My daughter is only 10 but she is already developing breasts. She is very embarrassed and certainly doesn't want to discuss it with me. How is the best way to handle a conversation with her pertaining to this sensitive topic, as I'm sure she will also start her period soon as well?


My daughter also developed early at nine years old. Although it was a couple of years later when she started her period, we asked her pediatrician what to do, especially since she had a great relationship with her. We were happy that her doctor was female and could relate well with her. She also made suggestions to us that were doable. We definitely experienced some challenges, since she didn't want to talk to us about the change. She was an only child but she did have a cousin who had also developed early and was three years older. We asked her if she was comfortable in sharing some of her experiences with our daughter and she agreed. This helped immensely. In fact, between the pediatrician and her cousin, she did become more comfortable with the situation without too much embarrassment. If your daughter has someone she can talk with that she trusts and respects, even if it's a friend or relative that has gone through this, maybe try that first. - J. K. in Chicago, IL


The early physical development of young girls is more commonplace than many parents realize. In our everyday, harried world, we just don't anticipate our kids physically developing quite this early and apparently, neither do they. It's usually embarrassing to most girls this age, but can sometimes also be a tad upsetting to the parents. They can certainly sense our uneasiness, which makes them feel that much more awkward.
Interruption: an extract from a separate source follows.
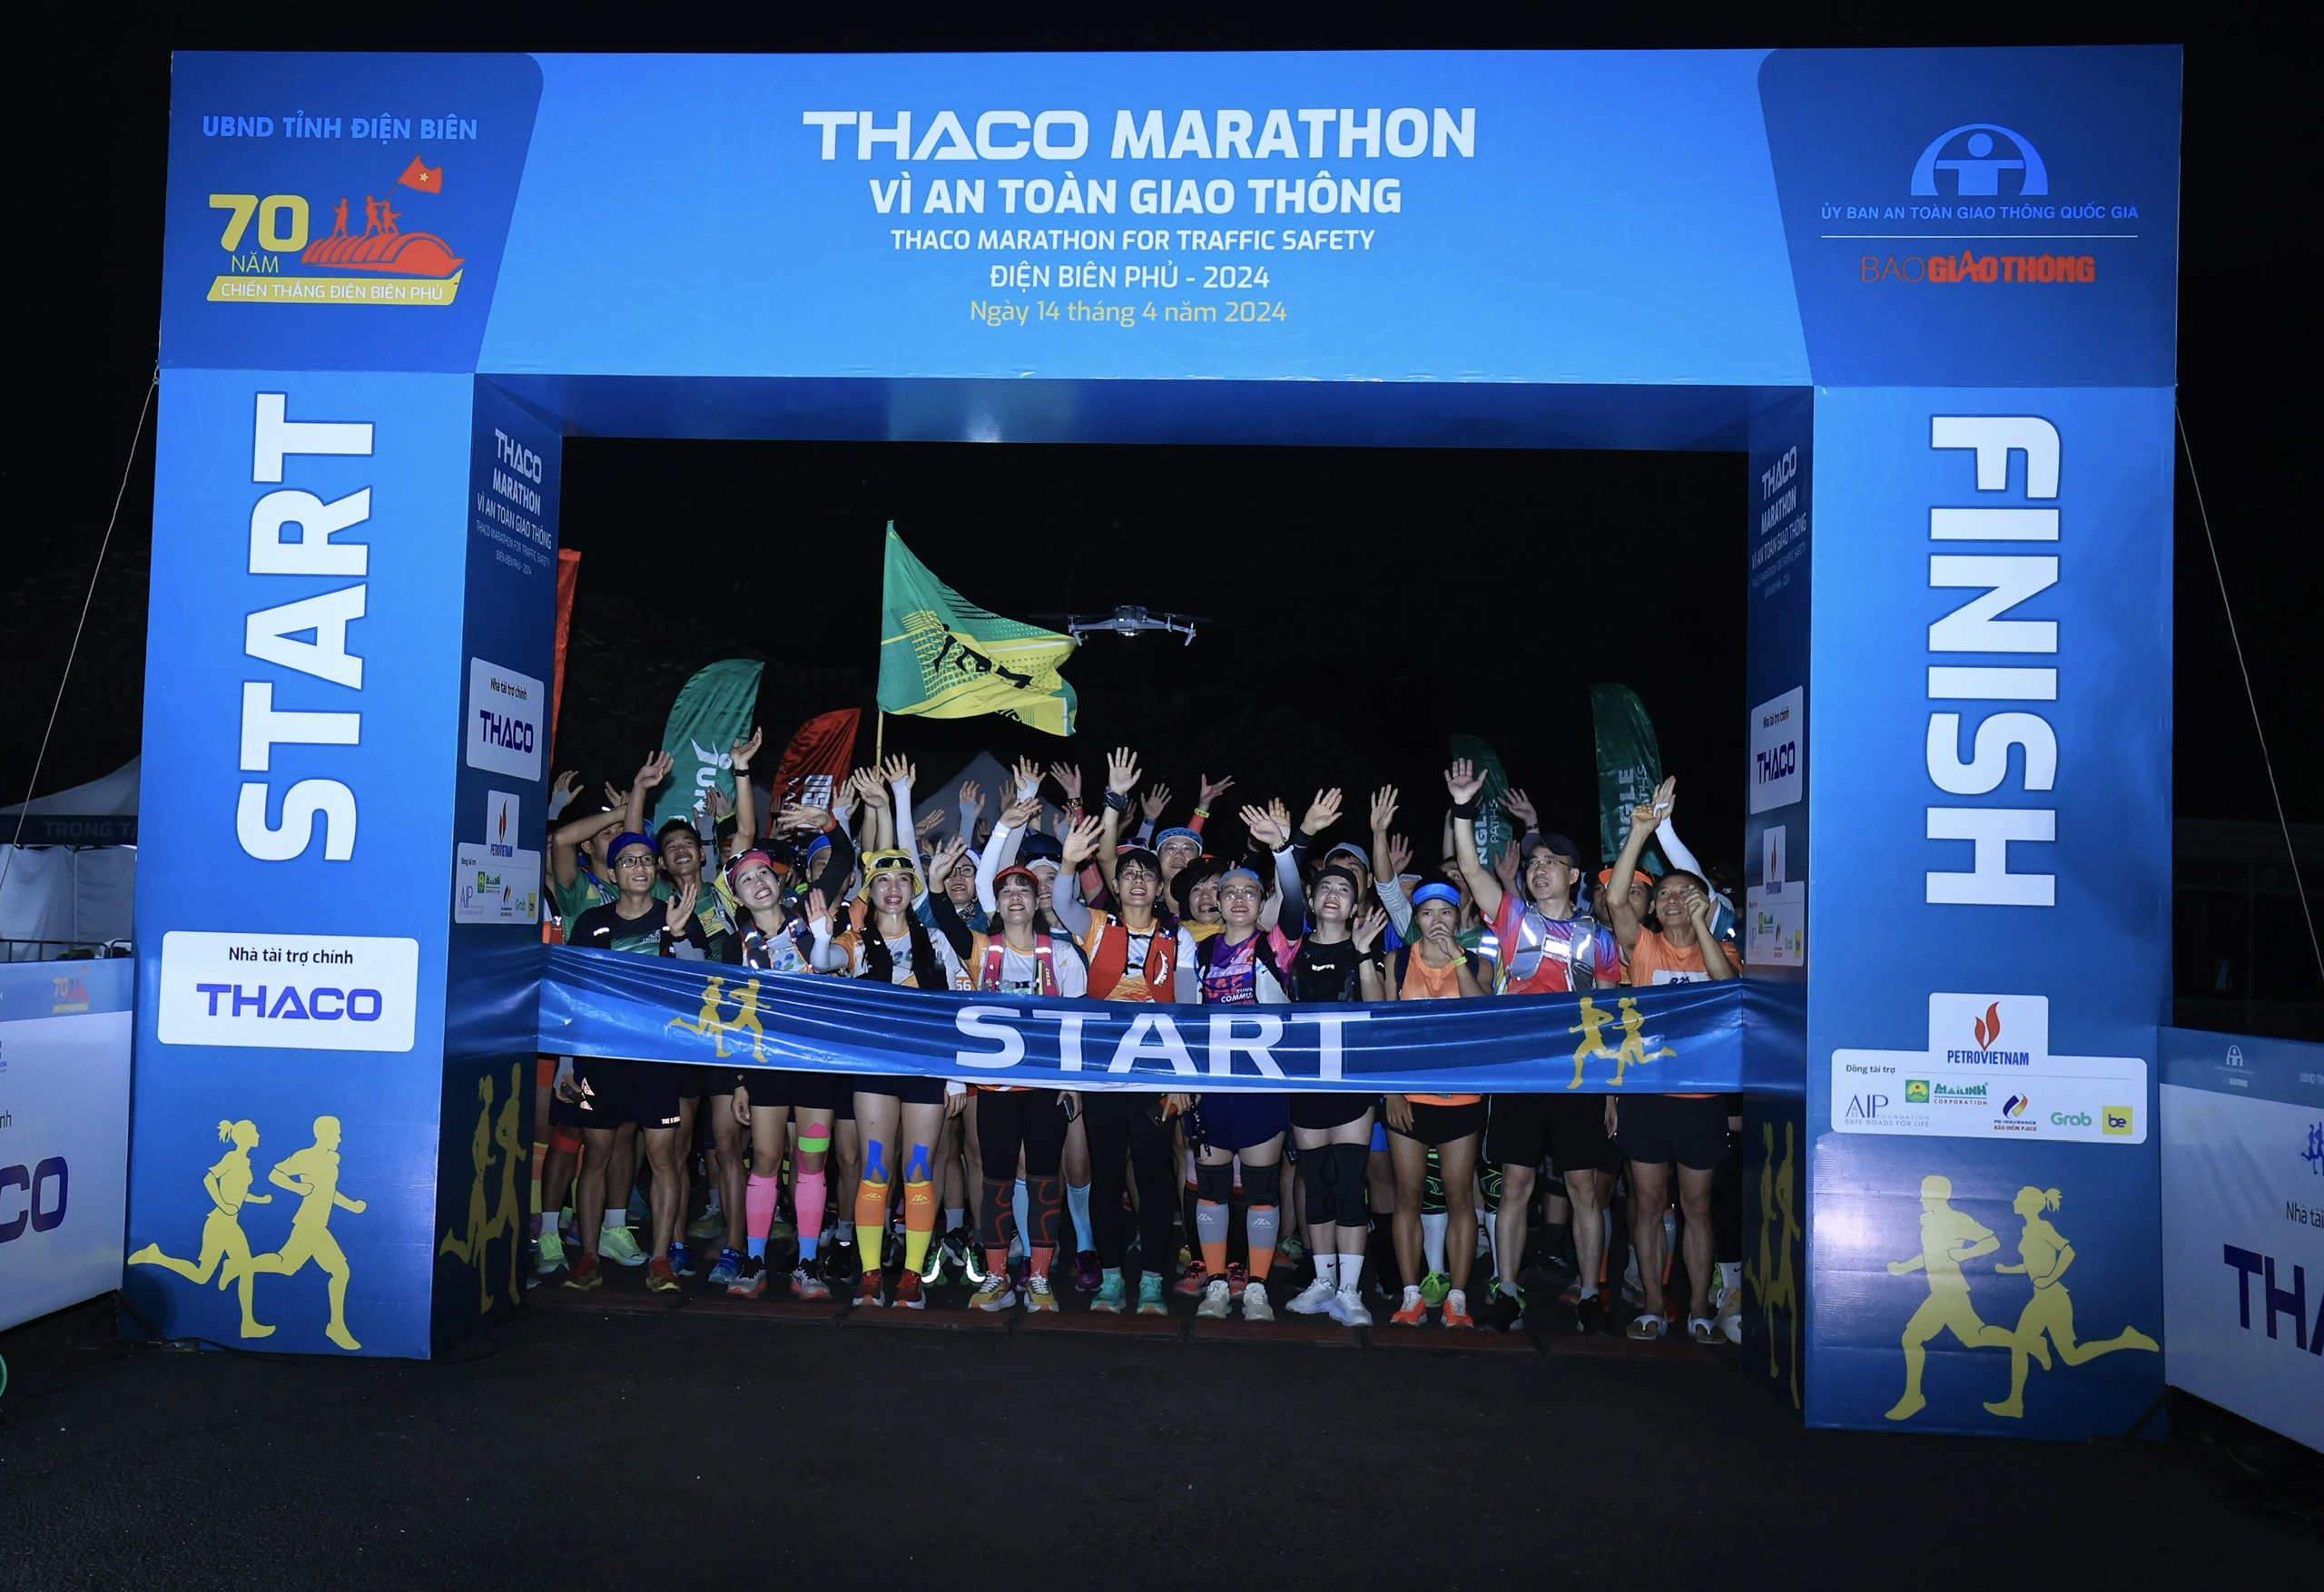 Trực tiếp: Giải THACO Marathon vì ATGT - Điện Biên Phủ 2024 thành công rực rỡ- Ảnh 41.
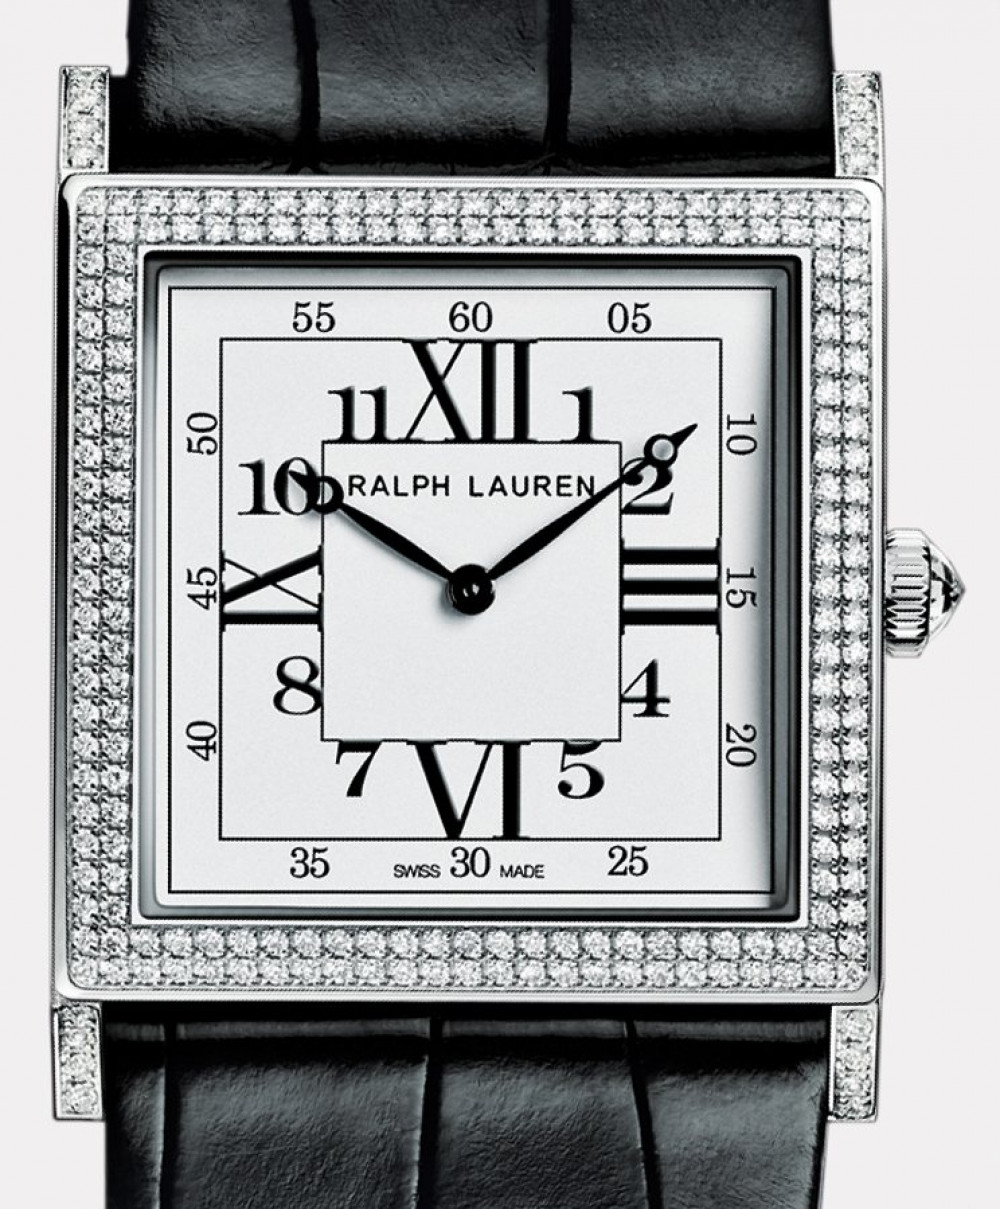 Zegarek firmy Ralph Lauren, model 867 Slim Classique Square

Most elementary schools will show students in the fifth and sixth grades educational videos on the developing bodies of both male and female, including the reproductive system. Some have even started as early as fourth grade. Parents receive a permission form from the school which parents have to sign in order for the student to view it. Check with your daughter's school and ask if this is an upcoming event. If so, maybe prepare her for it and talk to her about what she is going to see. This way, you can use the topic as a tool to talk with her about her own development. Try to prepare yourself first, before you go in for the information session. You want her to understand that this is just part of life and is definitely nothing to be ashamed of. If you discuss things in small doses with a little time in between, it'll give her the opportunity to digest what has already been said. If she refuses to participate too much in the conversation, take this as a sign of a stopping point. When she is ready, she will come to you.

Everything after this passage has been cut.